### [PROBLEM REQUIREMENTS]
Output every line of the material exactly, omitting images.

### [STORED DATA]
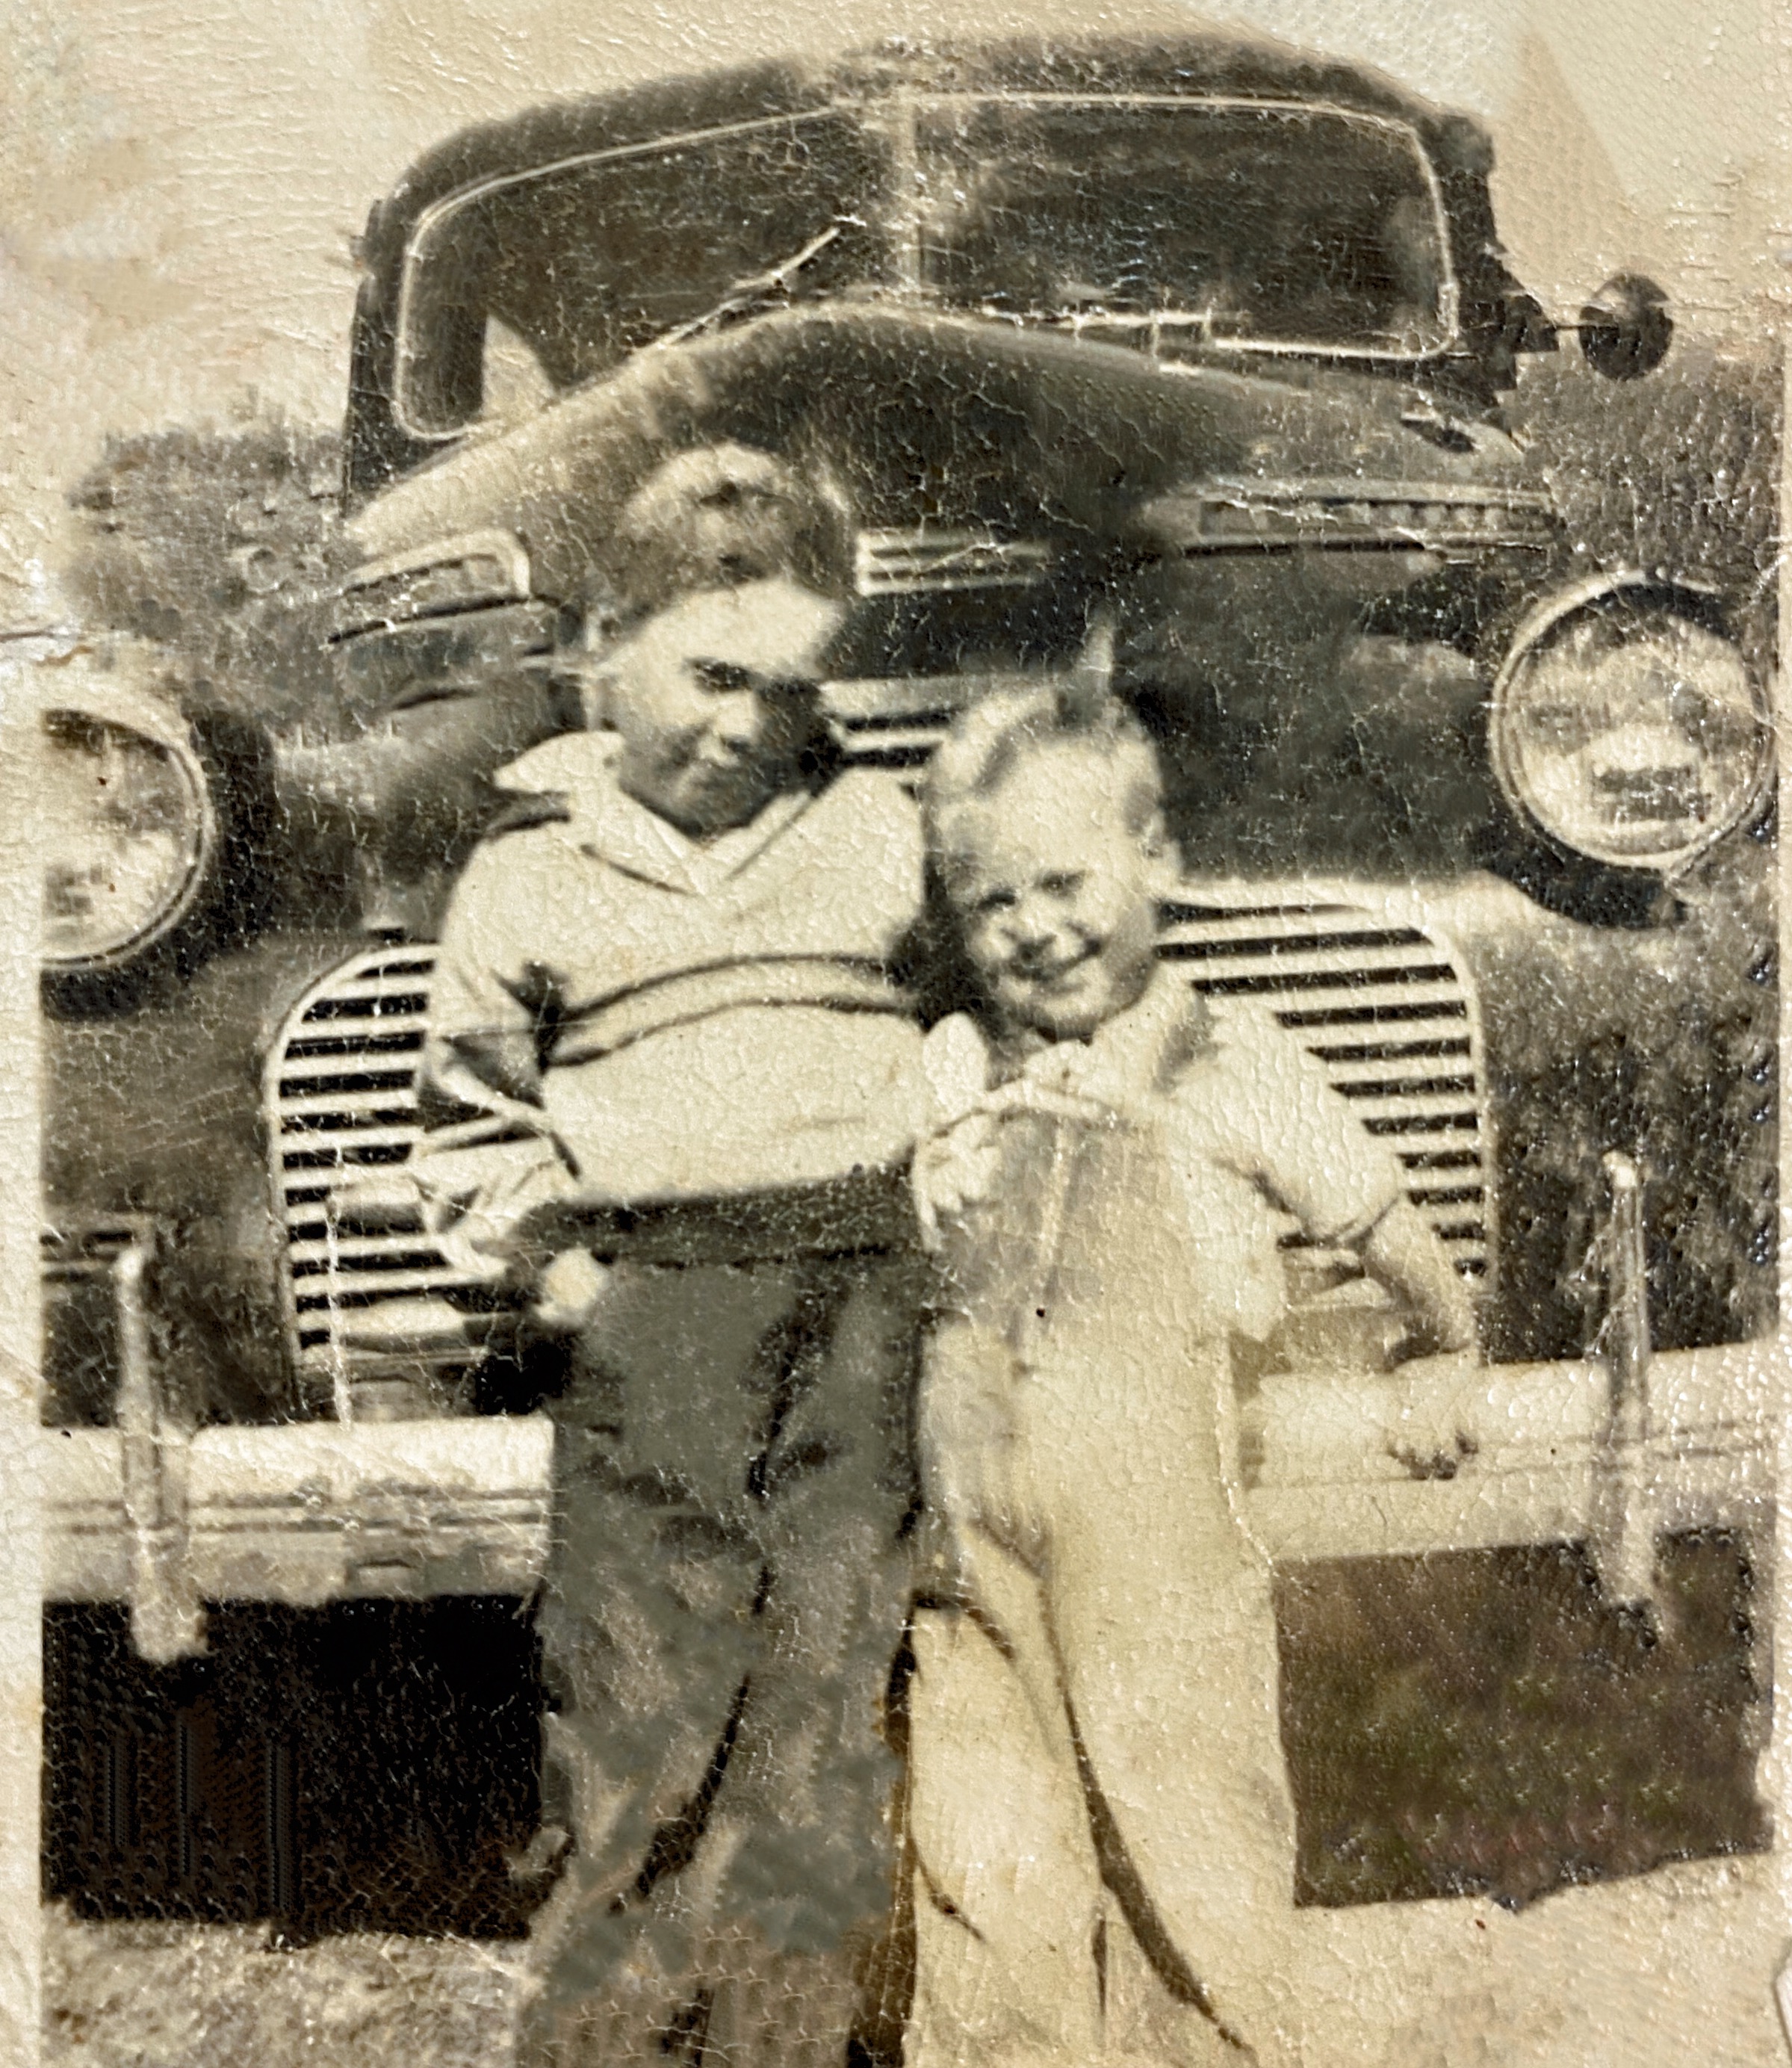 James Everette and Charles Ray Jones
About 1950
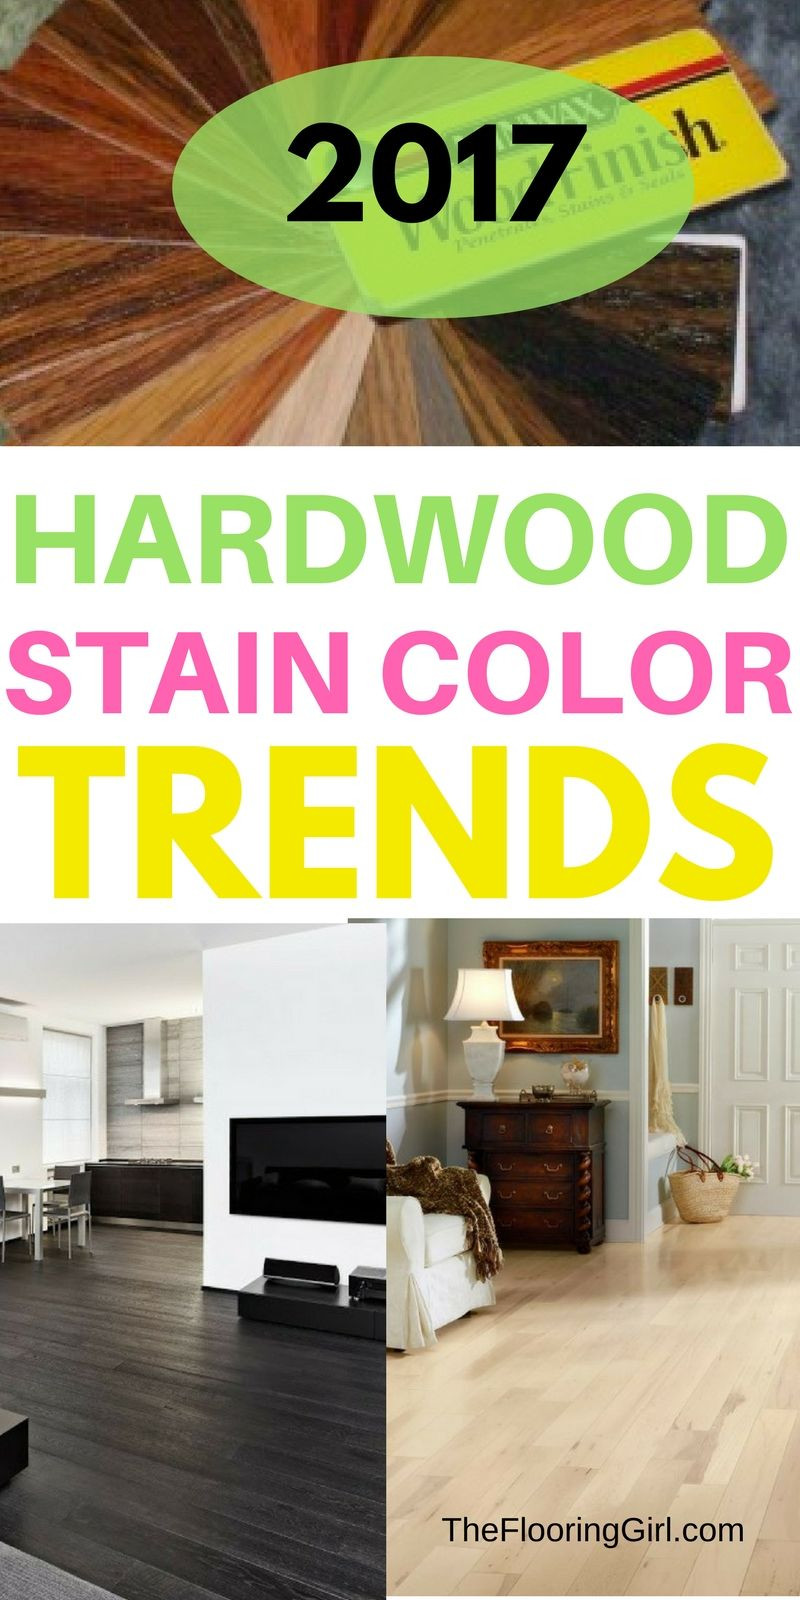 24 Awesome Pictures Of Dark Hardwood Floors In Homes 2024 free download pictures of dark hardwood floors in homes of hardwood flooring stain color trends 2018 more from the flooring within hardwood flooring stain color trends for 2017 hardwood colors that are in

### [EXERCISE OUTPUT]
 James Everette and Charles Ray Jones
About 1950
 24 Awesome Pictures Of Dark Hardwood Floors In Homes 2024 free download pictures of dark hardwood floors in homes of hardwood flooring stain color trends 2018 more from the flooring within hardwood flooring stain color trends for 2017 hardwood colors that are in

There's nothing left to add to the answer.